Bureaucrats, that’s who.
While Oak Park and Newton are wealthy suburban enclaves, urban and even rural home gardeners are not immune to the flowering cruelty of local bureaucrats.
Take Denise Morrison of Tulsa, Oklahoma. Last summer Tulsa code enforcement officers went onto her land and literally ripped out Morrison’s edible garden.
According to reports, the ordinance at issue stated that “plants can't be over 12-inches tall unless they're used for human consumption.”
Morrison, who was unemployed at the time, consumed the wide variety of plants she grew—including “lemon, stevia, garlic chives, grapes, strawberries, apple mint, spearmint, peppermint, an apple tree, walnut tree, pecan trees and much more.”
Meanwhile, an Illinois woman is currently fighting county officials who won't permit her or her neighbors keep farm animals on their… farmland.

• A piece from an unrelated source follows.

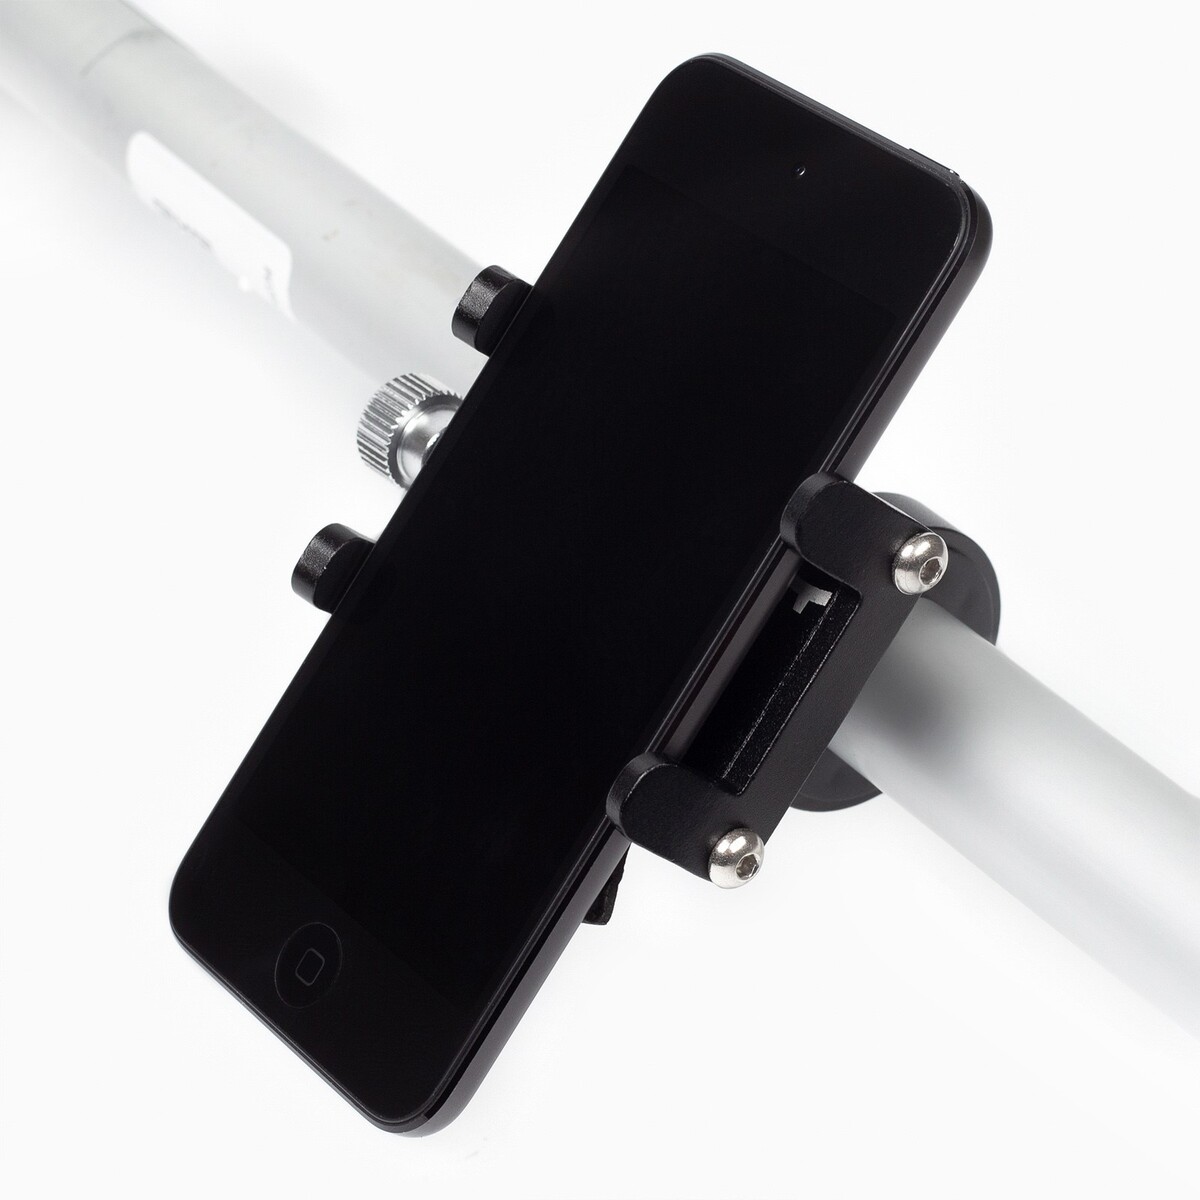 Держатель для телефона на велосипед, ширина фиксации 10 см, 5.3 х 2.8 х 8.8 см держатель телефона на клейкой основе 16×16 см
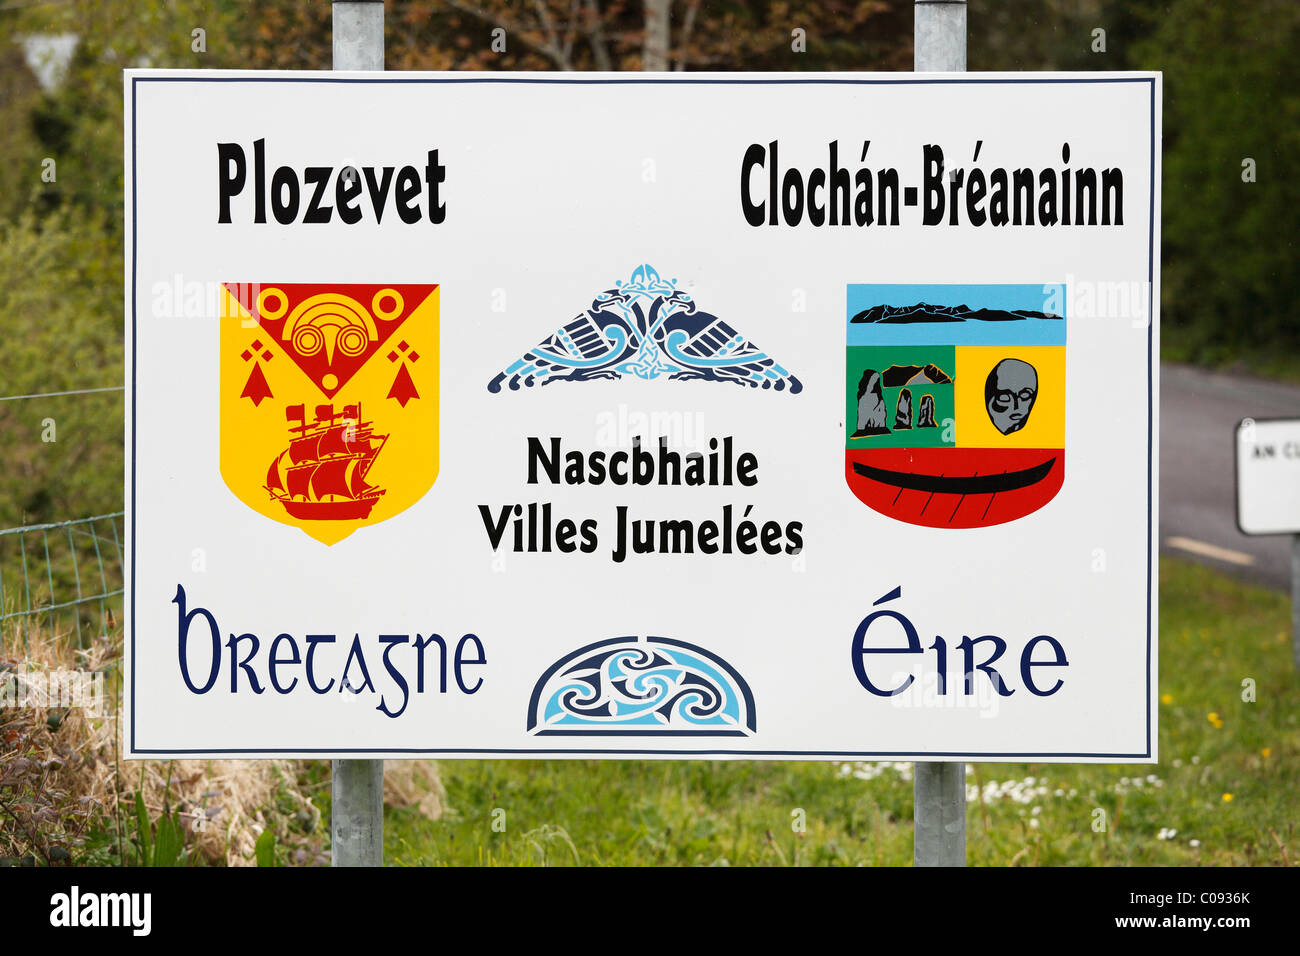 Identifícate irlandeses y franceses de twin cities Brandon-Cloghan Plozevet en Bretaña y en Irlanda, la península Dingle, , Irlanda Foto de stock

Kelli Otting’s garden on her one-acre property hasn’t run afoul of the county, but her wish to raise chickens and goats on her farm—located in a rural, unincorporated part of downstate Illinois—has met opposition from the county land commission.
While Otting’s struggles raise the sometimes controversial issue of backyard chickens clucking in urban areas, the general hurdles faced by Otting, Morrison, Katzoff, and Bass—and by thousands of others around the country who simply want to grow their own food—can be blamed on local zoning boards run amok.
Zoning is intended—say its proponents—to prevent nuisances from arising. But when zoning itself becomes the nuisance, and when it gets in the way of people using their own property how they’d like--and exactly no one is made better off, save for the bureaucrats who make and enforce the ordinances--then that piece of zoning must fall.
Decades before First Lady Michelle Obama planted a highly visible garden on the White House back lawn, then-First Lady Eleanor Roosevelt’s efforts to plant a similar garden met with resistance from her own husband’s Department of Agriculture, which Time magazine reported (subscription) at the time was “skeptical of amateur farmers.”
That attitude—having spread like a weed through zoning and code-enforcement rules that stretch across America—is one worth combating.
Baylen J. Linnekin, a lawyer, is executive director of Keep Food Legal, a Washington, D.C. nonprofit that advocates in favor of food freedom—the right to grow, raise, produce, buy, sell, cook, eat, and drink the foods of our own choosing.